Within the lines below, the span from the line with "Lebron Nike Shoes Size 13" to the line with "bolsillo lateral derecho", both ends included, is to be reproduced exactly, with pictures omitted.

BEGIN Supplied material

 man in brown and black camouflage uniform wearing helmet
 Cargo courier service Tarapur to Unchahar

END Supplied material
BEGIN Supplied material

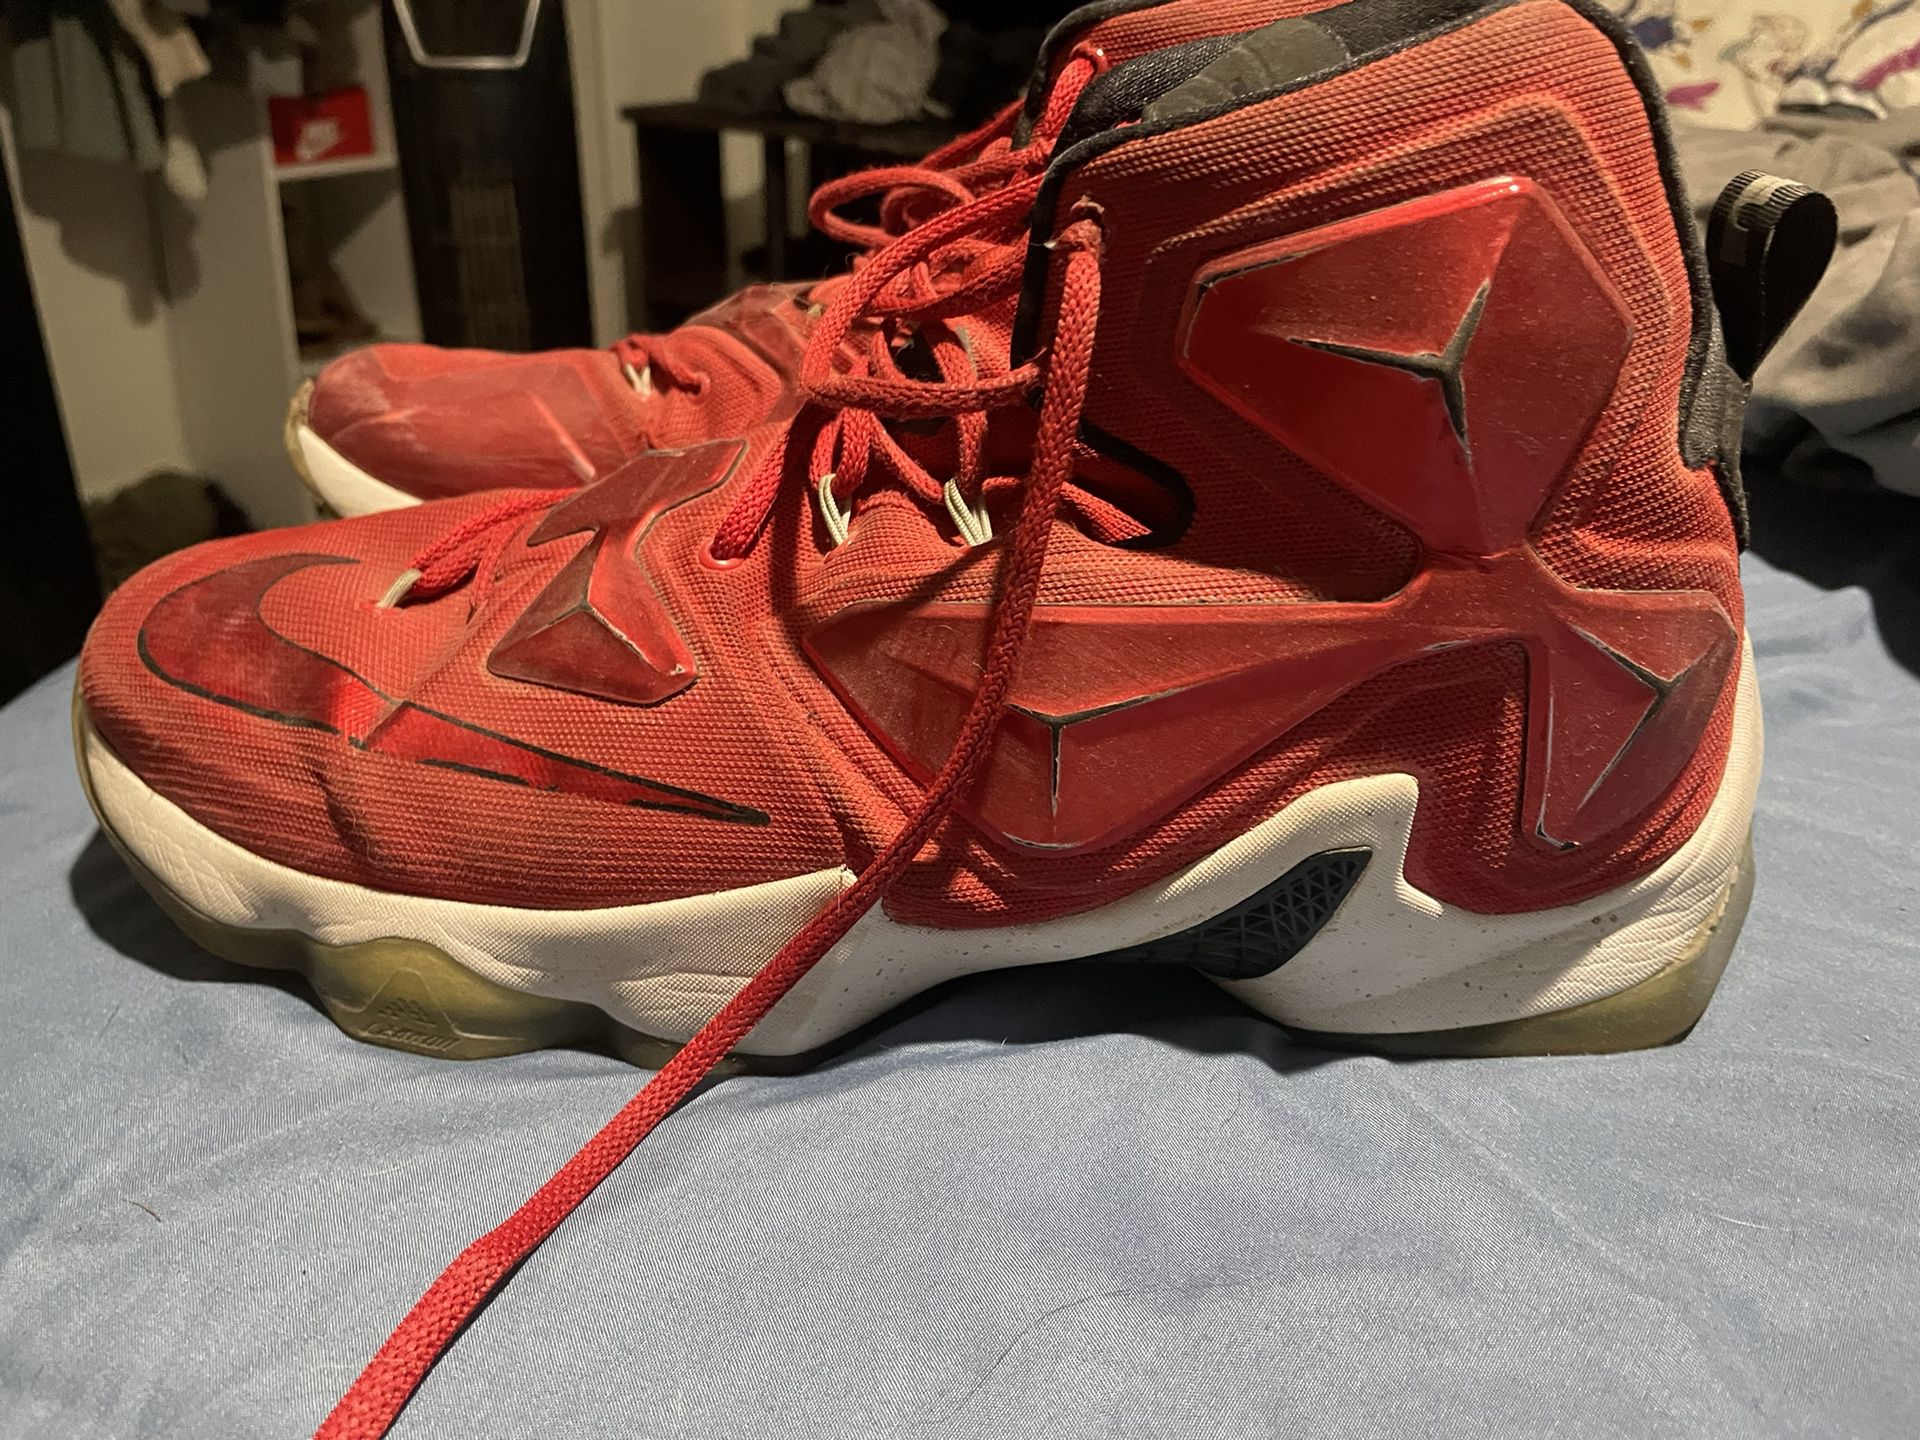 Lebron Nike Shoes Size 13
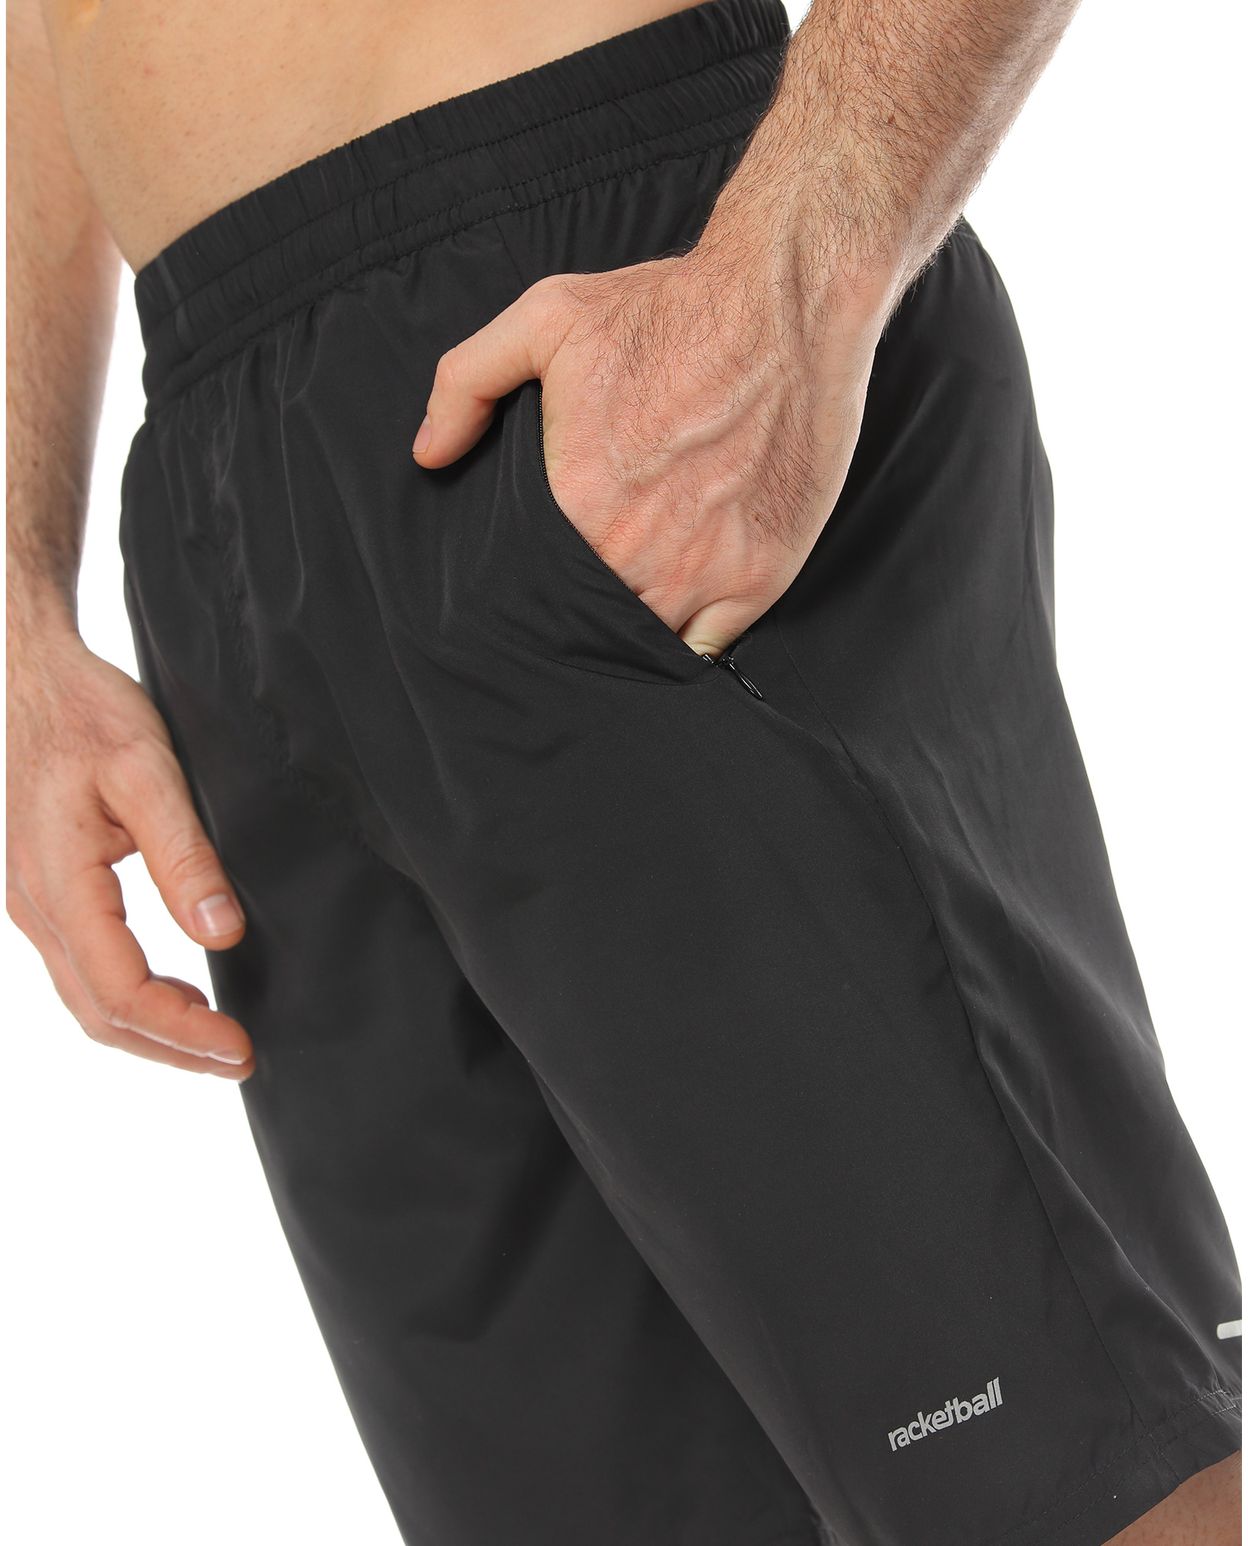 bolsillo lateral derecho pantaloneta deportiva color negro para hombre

END Supplied material

■ **Solution for this task**
 Lebron Nike Shoes Size 13
 bolsillo lateral derecho pantaloneta deportiva color negro para hombre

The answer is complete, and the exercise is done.